Poland under Soviet Control
Poland has suffered a long, painful history of invasion, occupation, and control by foreign powers. During World War II, it endured brutal German and Soviet invasions. Poles initially resisted Nazi invasion violently in the famous Warsaw Uprising. But Hitler’s armies prevailed after two months, and Hitler ordered the destruction of Warsaw, killing two hundred thousand people. Soon after World War II ended, Stalin’s army and pro-Soviet Polish Marxists established harsh Communist rule.4 They implemented Stalinism based on the Soviet model. Poland underwent industrialization and collectivization under a totalitarian regime marked by bureaucracy, suppression of individual freedom, and terror.5
Economic reforms initially created high growth rates in the 1950s. When growth rates started to taper off in the 1960s, the party tried to correct the problem by increasing investment in the agricultural sector. However, the party invested mainly in unproductive state farms, in an effort to drive out private farmers. In 1969, the harvest failed. In 1970, the party discontinued importing grain for feedstock. Food supplies dropped drastically, creating a national crisis.6
The regime responded by increasing food prices without raising wages. Workers, who already spent nearly half of their income on food, were enraged.7
An (Unsuccessful) Violent Protest (1970)
The party-dominated “official” unions did nothing about the situation, but workers at the Lenin shipyard launched a strike. A young electrician, Lech Walesa, was one of the leaders. Without central organization, the strike caught on and spread quickly.
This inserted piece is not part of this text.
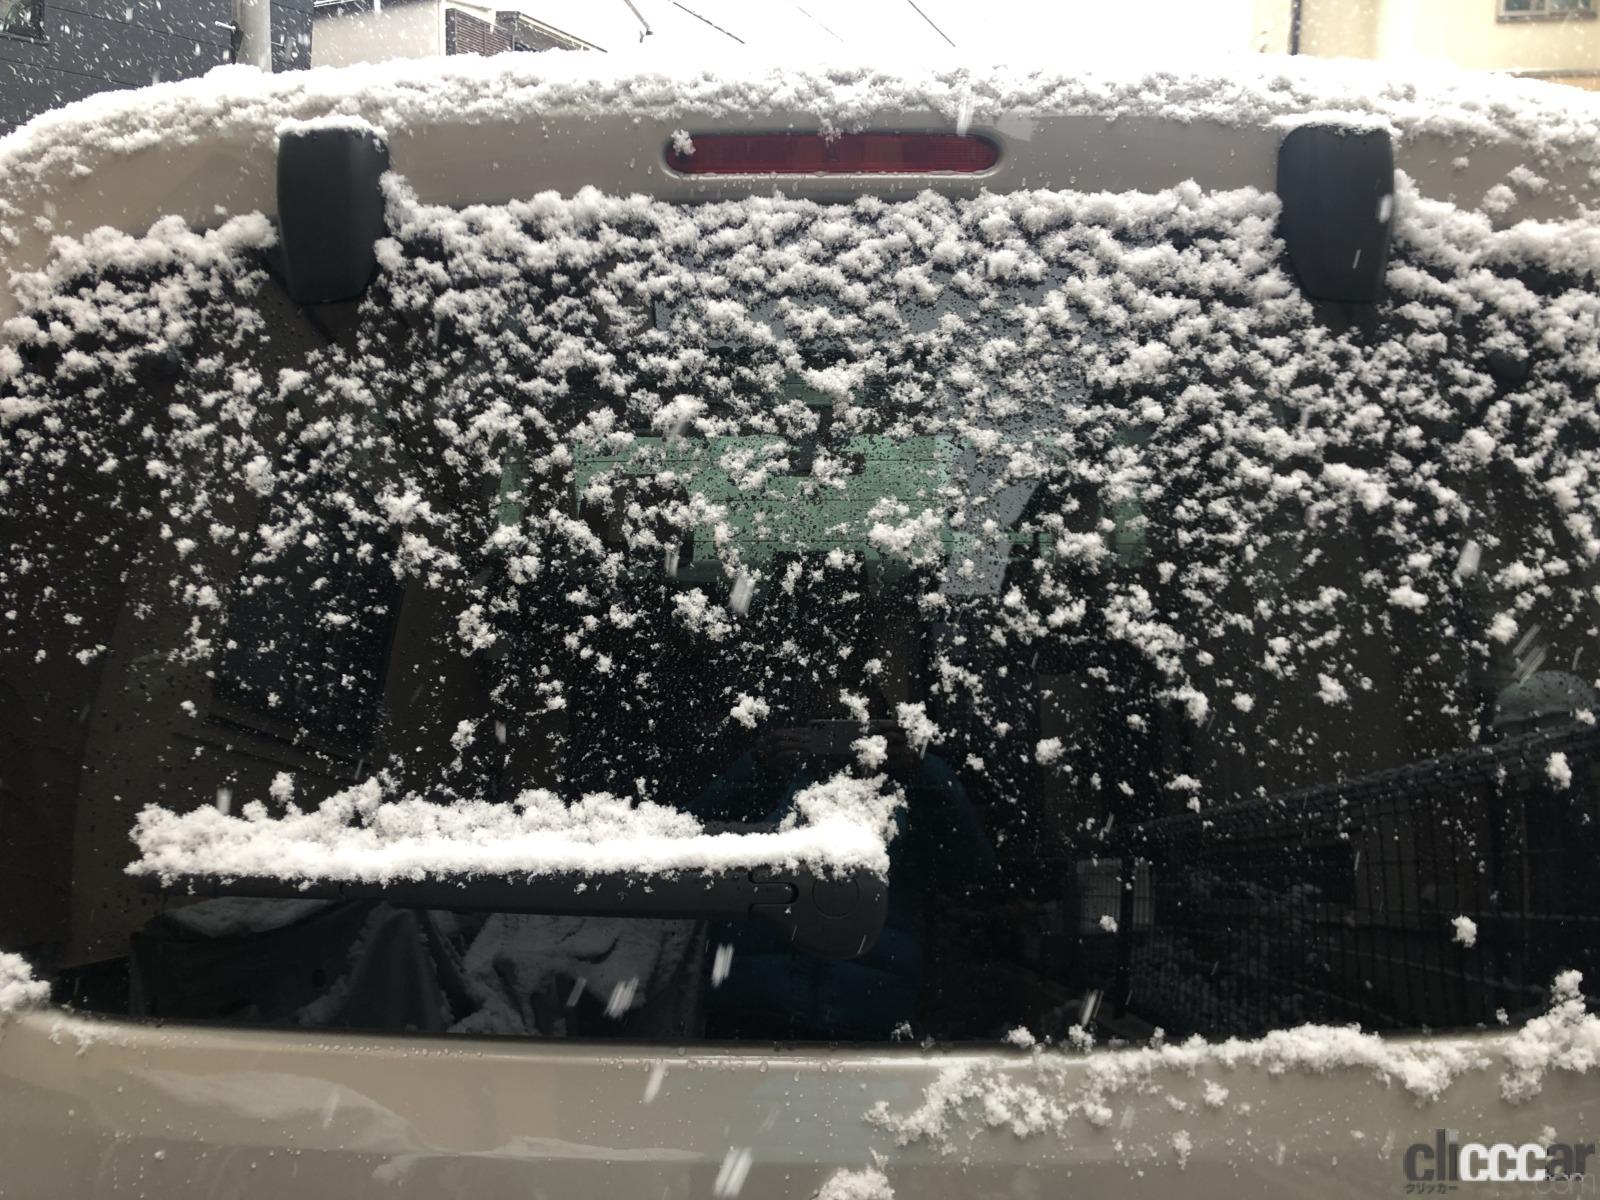 リヤワイパーにも雪は積もります 画像 雪の日に駐車するときはワイパーを立てたほうがいい 立てないほうがいい場合は クルマ豆知識 22年版 Clicccar Com

Workers gathered in front of the shipyard director’s building and used the PA system to announce their demands: cancellation of the price increases, reform of the pay system, and “‘resignation’ of the ruling regime.”8
After an hour with no response, they headed downtown to the Communist Party headquarters to announce their strike to the whole town. About one thousand workers marched out of the shipyard heading toward downtown Gdansk, armed with tools and clubs in case the militia should attack them. On the way, others joined them.9
When the crowd, now swelled to three thousand, approached party headquarters at 4:00 p.m., they met a motorized militia demanding that they disperse. When the workers disobeyed and pushed toward the headquarters, the police obeyed orders to use their nightsticks. Angry workers responded by throwing stones at the police. Police reinforcements soon arrived, attacking the crowds with clubs and gas grenades. The people then attempted to burn the headquarters. The riot spread, and workers engaged in acts of sabotage by destroying anything that symbolized state power or status and privilege.10
The following day, the workers declared a general strike, and people from other factories joined those in the streets. The crowd grew to fifteen thousand. Fired on by police, the strikers set fire to the party headquarters. Local security forces retreated, but only to await the arrival of the army. The strike spread to the nearby city of Gdynia.11
By the next day, thirty-five thousand well-armed troops had arrived ready to squelch the rebellion with force. They shot and killed as many as two to three hundred strikers and wounded more than a thousand in several cities.12 The workers’ revolt collapsed.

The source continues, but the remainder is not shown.